In current solution I read that file by ifstream and copy to some string. Here is snippet how it looks like.
std::ifstream file(filename_xml.c_str());
uintmax_t m_numLines = 0;
std::string str;
while (std::getline(file, str))
{
m_numLines++;
}
And ok, that's working but to slowly here is a time for my 3.6 GB of data:
real 1m4.155s
user 0m0.000s
sys 0m0.030s
I'm looking for a method that will be much faster than that for example I found that How to parse space-separated floats in C++ quickly? and I loved presented solution with boost::mapped_file but I faced to another problem what if my file is to big and in my case file 1GB large was enough to drop entire process. I have to care about current data in memory probably people who will be using that tool doesn't have more than 4 GB installed RAM.
So I found that mapped_file from boost but how to use it in my case? Is it possible to read partially that file and receive these lines?
Maybe you have another much better solution. I have to just process each line.
Thanks,
Bart

Nice to see you found my benchmark at How to parse space-separated floats in C++ quickly?
It seems you're really looking for the fastest way to count lines (or any linear single pass analysis), I've done a similar analysis and benchmark of exactly that here
Fast textfile reading in c++
Interestingly, you'll see that the most performant code does not need to rely on memory mapping at all there.
static uintmax_t wc(char const *fname)
{
static const auto BUFFER_SIZE = 16*1024;
int fd = open(fname, O_RDONLY);
if(fd == -1)
handle_error("open");
/* Advise the kernel of our access pattern. */
posix_fadvise(fd, 0, 0, 1); // FDADVICE_SEQUENTIAL
char buf[BUFFER_SIZE + 1];
uintmax_t lines = 0;
while(size_t bytes_read = read(fd, buf, BUFFER_SIZE))
{
if(bytes_read == (size_t)-1)
handle_error("read failed");
if (!bytes_read)
break;
for(char *p = buf; (p = (char*) memchr(p, '\n', (buf + bytes_read) - p)); ++p)
++lines;
}
return lines;
}

The case of a 64-bit system with small memory should be fine to load a large file into - it's all about address space - although it may well be slower than the "fastest" option in that case, it really depends on what else is in memory and how much of the memory is available for mapping the file into. In a 32-bit system, it won't work, since the pointers into the filemapping won't go beyond about 3.5GB at the very most - and typically around 2GB is the maximum - again, depending on what memory addresses are available to the OS to map the file into.
However, the benefit of memory mapping a file is pretty small - the huge majority of the time spent is from actually reading the data. The saving from using memory mapping comes from not having to copy the data once it's loaded into RAM. (When using other file-reading mechanisms, the read function will copy the data into the buffer supplied, where memory mapping a file will stuff it straight into the correct location directly).
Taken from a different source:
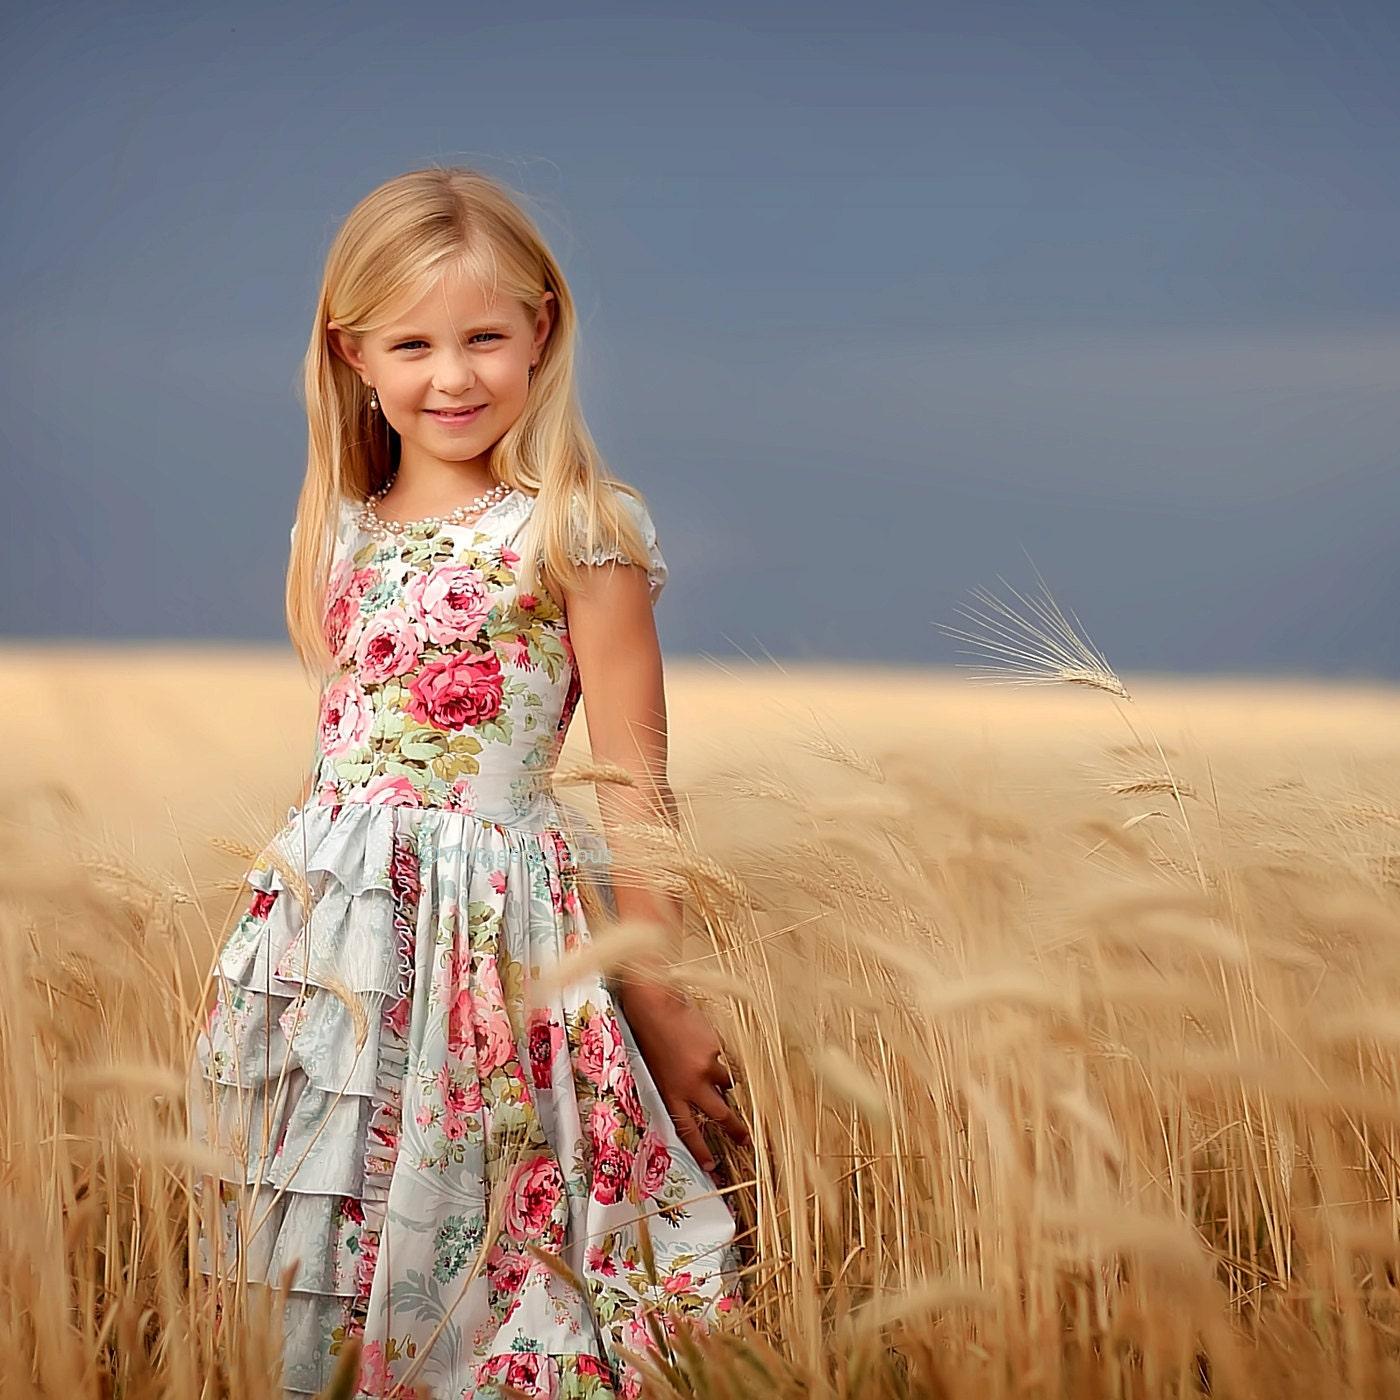 Flower Girls Dress, Easter, Layaway Plan A  60 day 3 payments. Formal Little Girls Dress In Ruffles, 18 months, 2t - 4t, 5 - 8

You might want to look at increasing the buffer for the ifstream - the default buffer is often rather small, this leads to lots of expensive reads.
You should be able to do this using something like:
std::ifstream file(filename_xml.c_str());
char buffer[1024*1024];
file.rdbuf()->pubsetbuf(buffer, 1024*1024);
uintmax_t m_numLines = 0;
std::string str;
while (std::getline(file, str))
{
m_numLines++;
}
See this question for more info:
How to get IOStream to perform better?

Since this is windows, you can use the native windows file functions with the "ex" suffix:
windows file management functions
specifically the functions like GetFileSizeEx(), SetFilePointerEx(), ... . Read and write functions are limited to 32 bit byte counts, and the read and write "ex" functions are for asynchronous I/O as opposed to handling large files.

Related

How to create a new binary file and fill it with a constant value?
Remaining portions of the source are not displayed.